> EXERCISE OBJECTIVE:
Locate "boundaries coloring pages" in the listing. Transcribe the line that contains it and every line that follows, through the last, omitting all pictures.

> COLLECTED MATERIAL:
○ ○ ○ ○
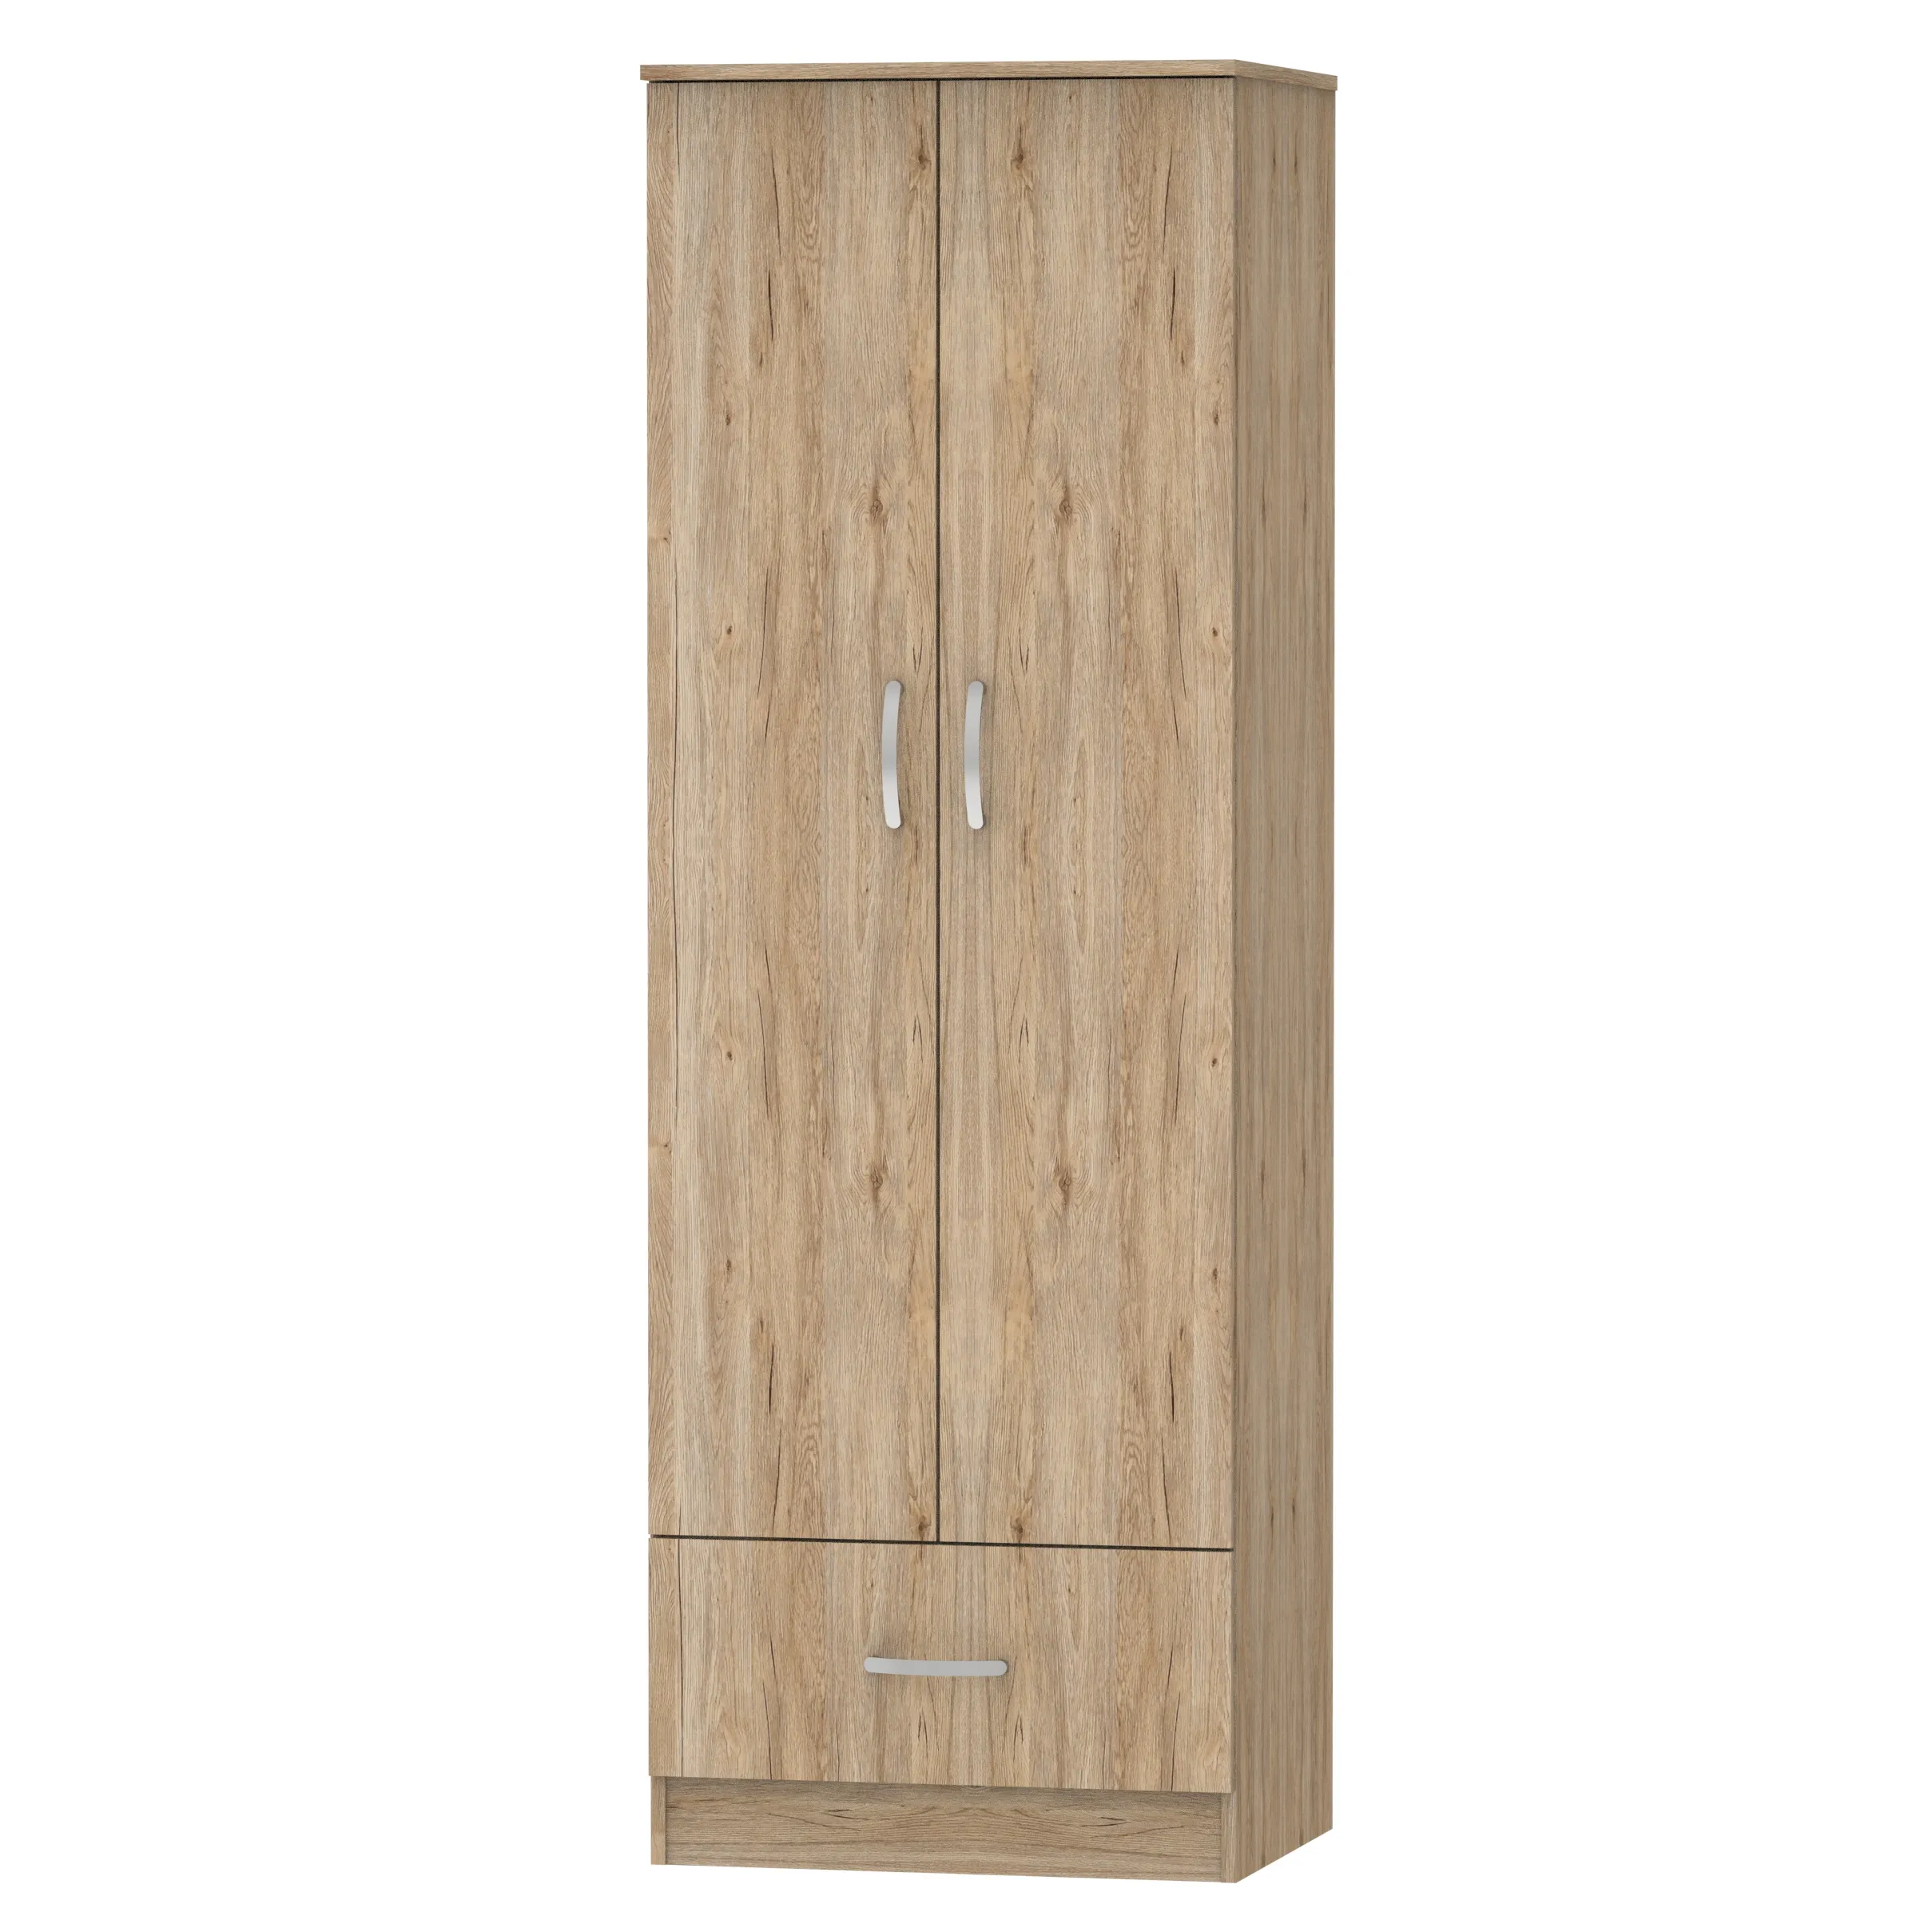 Factory Cheap Price Bedroom Wardrobe High Quality 2 Doors With Drawer Malaysia Supplier Furniture 1217
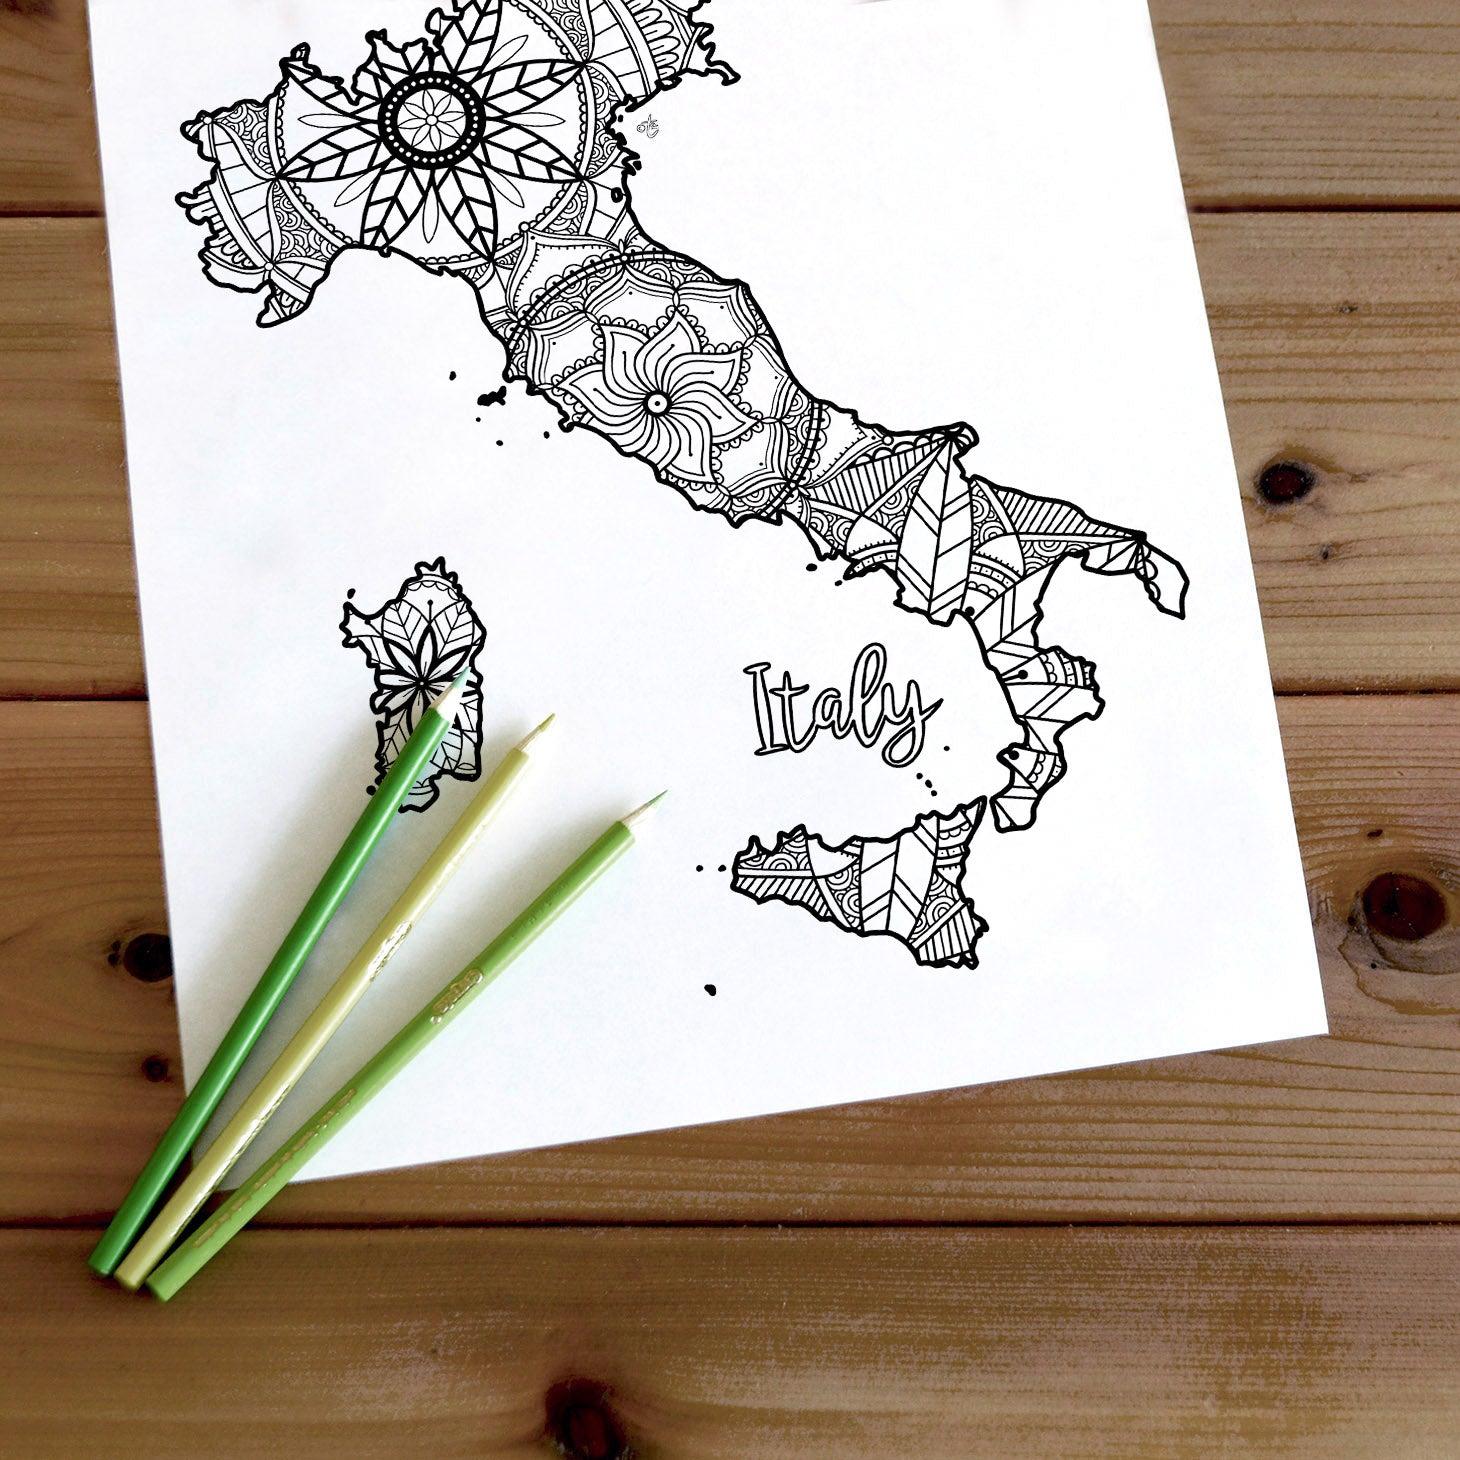 boundaries coloring pages
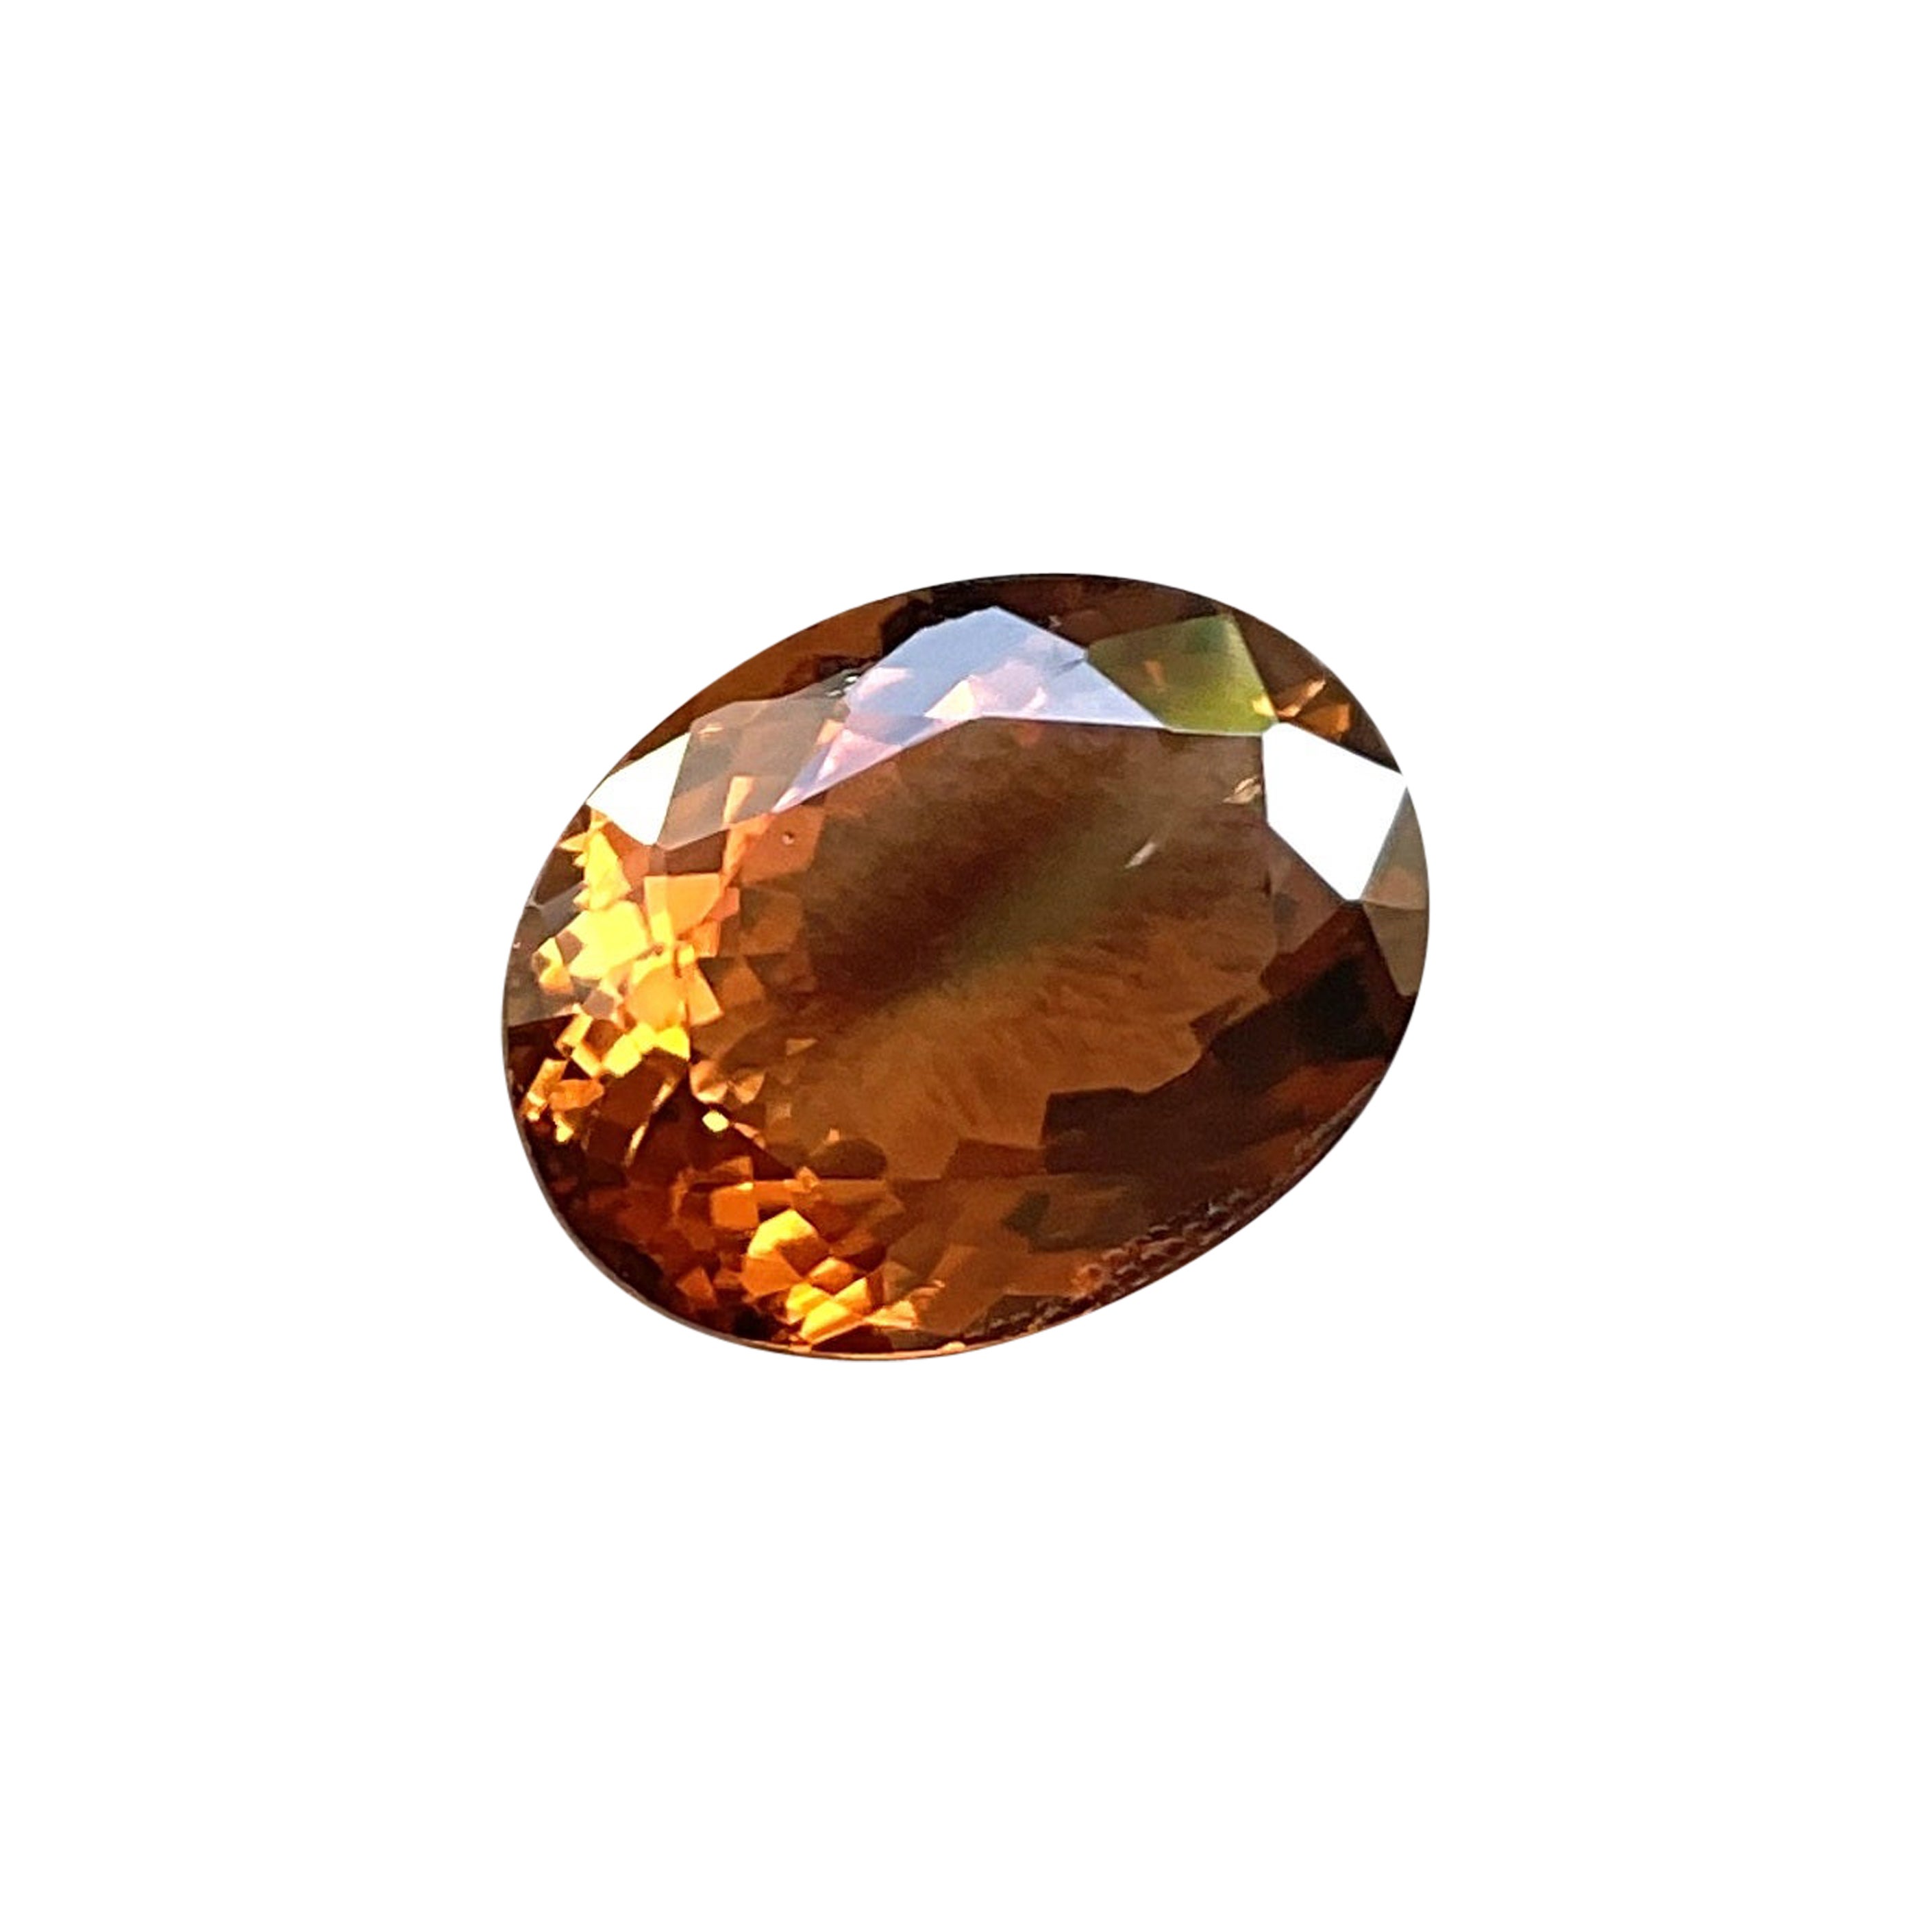 11.90 Carats Orange Brown Tourmaline Oval Faceted Cut Stone Natural Gemstone For Sale
○ ○ ○ ○
> WRITTEN RESPONSE:
 boundaries coloring pages
 11.90 Carats Orange Brown Tourmaline Oval Faceted Cut Stone Natural Gemstone For Sale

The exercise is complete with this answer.